# Words with double "L"



## begbrook (Sep 7, 2011)

I have lots of books (PDF files) which I convert to MOBI to put on my kindle.  For some reason any word with a double L in it e.g wall, only one L appears.  All other double letters are fine.  Can anyone help please?


----------



## Betsy the Quilter (Oct 27, 2008)

Hmmm...  Are you using Calibre to do your conversion?  I've not done conversions...perhaps someone else will know.

Betsy


----------



## Trophywife007 (Aug 31, 2009)

I've seen this before and was surprised at how ofter the double l occurs; it's extremely irritating.  Don't know how to fix the problem so I'm also interested if someone has a solution.


----------



## oceaneagle (Jan 13, 2012)

I haven't come across this myself but I use Calibre to handle all my dealings with my Kindle.

I am grasping at straws here but are you sure that the word should carry a double 'L' ? you gave the example of 'wall' however many people misspell world like 'wonderful' 'fruitful' most of such words are spelt with a single 'L' .


----------



## Betsy the Quilter (Oct 27, 2008)

While I have seen that, the OP is saying that the "ll" disappears upon conversion.  Calibre, if that is what the OP is using (we haven't heard back), doesn't do a spell check as part of the conversion process, as far as I know.



Betsy


----------



## begbrook (Sep 7, 2011)

Hi, Yes I am using Calibre for conversions and the problems occur on every word with a double L.  The main character of a book was called Ellie, so it was very frustrating as it appears as El ie.  Also some times whole sentances are repeated randomly. E.g.  It was a lovely day so they went to the  it was a lovely day  park


----------



## oceaneagle (Jan 13, 2012)

begbrook said:


> Hi, Yes I am using Calibre for conversions and the problems occur on every word with a double L. The main character of a book was called Ellie, so it was very frustrating as it appears as El ie. Also some times whole sentances are repeated randomly. E.g. It was a lovely day so they went to the it was a lovely day park


I suggest you drop a note to Calibre, He will either have a solution or will incorporate one in his weekly updates.
It might already be resolved, have you checked the Calibre website?


----------



## Morf (Nov 18, 2010)

begbrook said:


> Hi, Yes I am using Calibre for conversions and the problems occur on every word with a double L. The main character of a book was called Ellie, so it was very frustrating as it appears as El ie. Also some times whole sentances are repeated randomly. E.g. It was a lovely day so they went to the it was a lovely day park


I'm wondering if this is a badly formatted PDF rather than a conversion problem. Try opening the pdf in Adobe reader, highlighting some of the troublesome text and copying it, and then paste it into Notepad.
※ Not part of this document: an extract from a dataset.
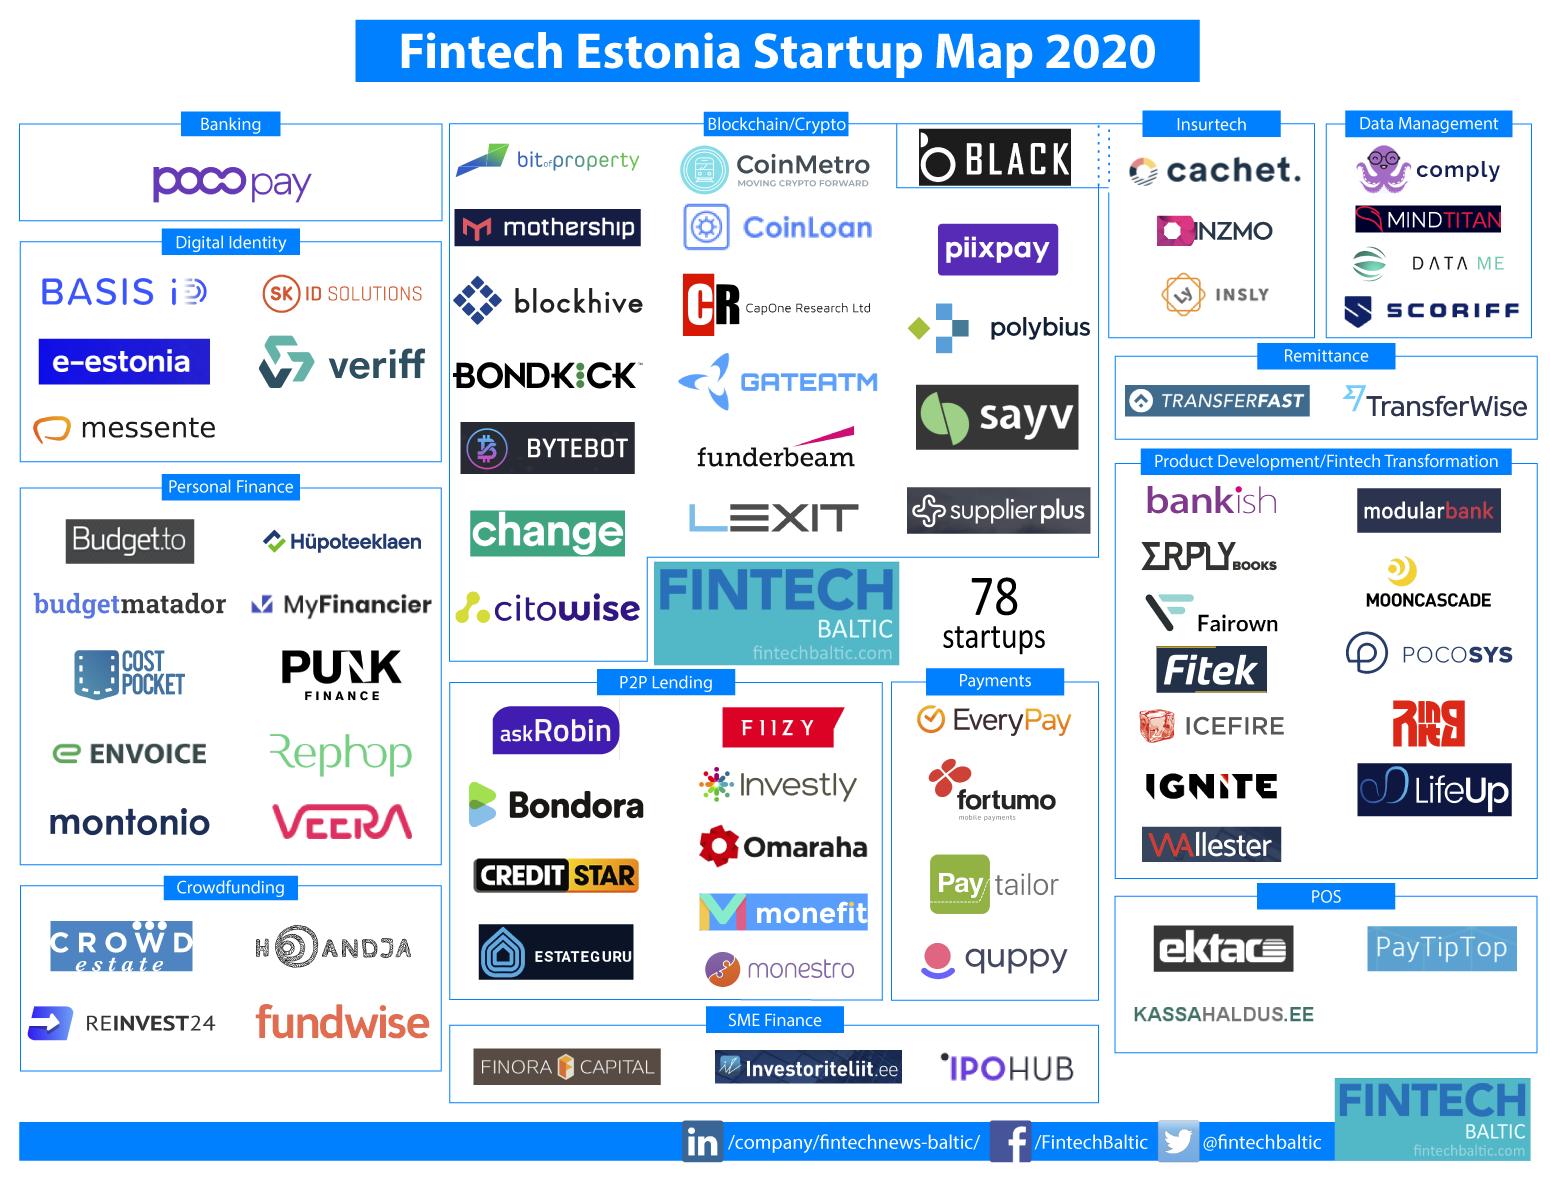 Estonia Fintech Startup Map 2020
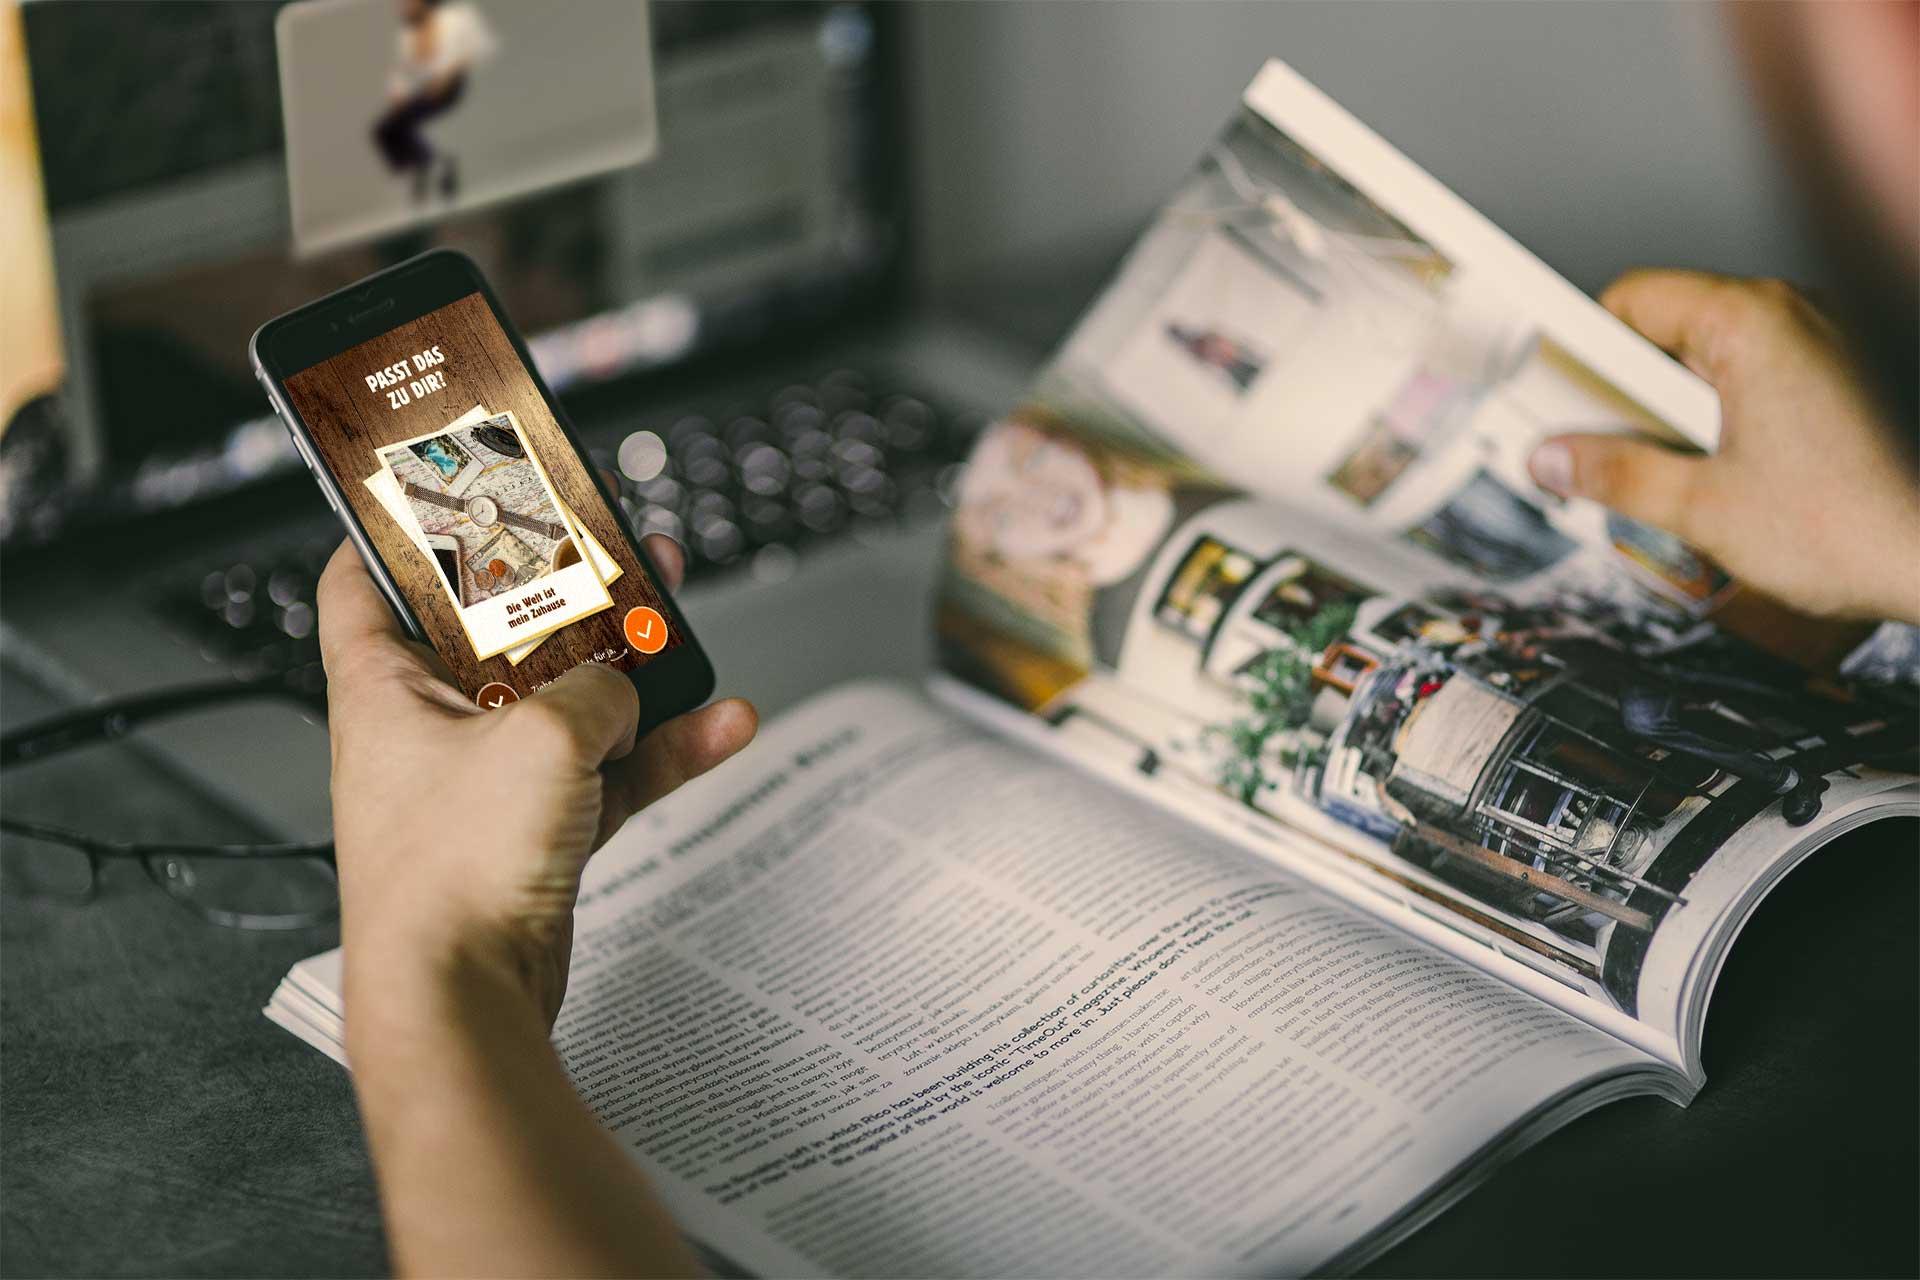 Case Study Mockup iPhone 4 Ragusa Win INTERNAL 170609

This will give you an insight into what's actually inside the PDF - which isn't always quite the same as what appears on the screen!


----------



## begbrook (Sep 7, 2011)

I have gone onto Calibre's website and this is what he says "Some PDFs use special glyphs to represent ll or ff or fi, etc. Conversion of these may or may not work depending on just how they are represented internally in the PDF".


----------



## oceaneagle (Jan 13, 2012)

begbrook said:


> I have gone onto Calibre's website and this is what he says "Some PDFs use special glyphs to represent ll or ff or fi, etc. Conversion of these may or may not work depending on just how they are represented internally in the PDF".


There you go. Living proof of the saying "if all else fails read the handbook"


----------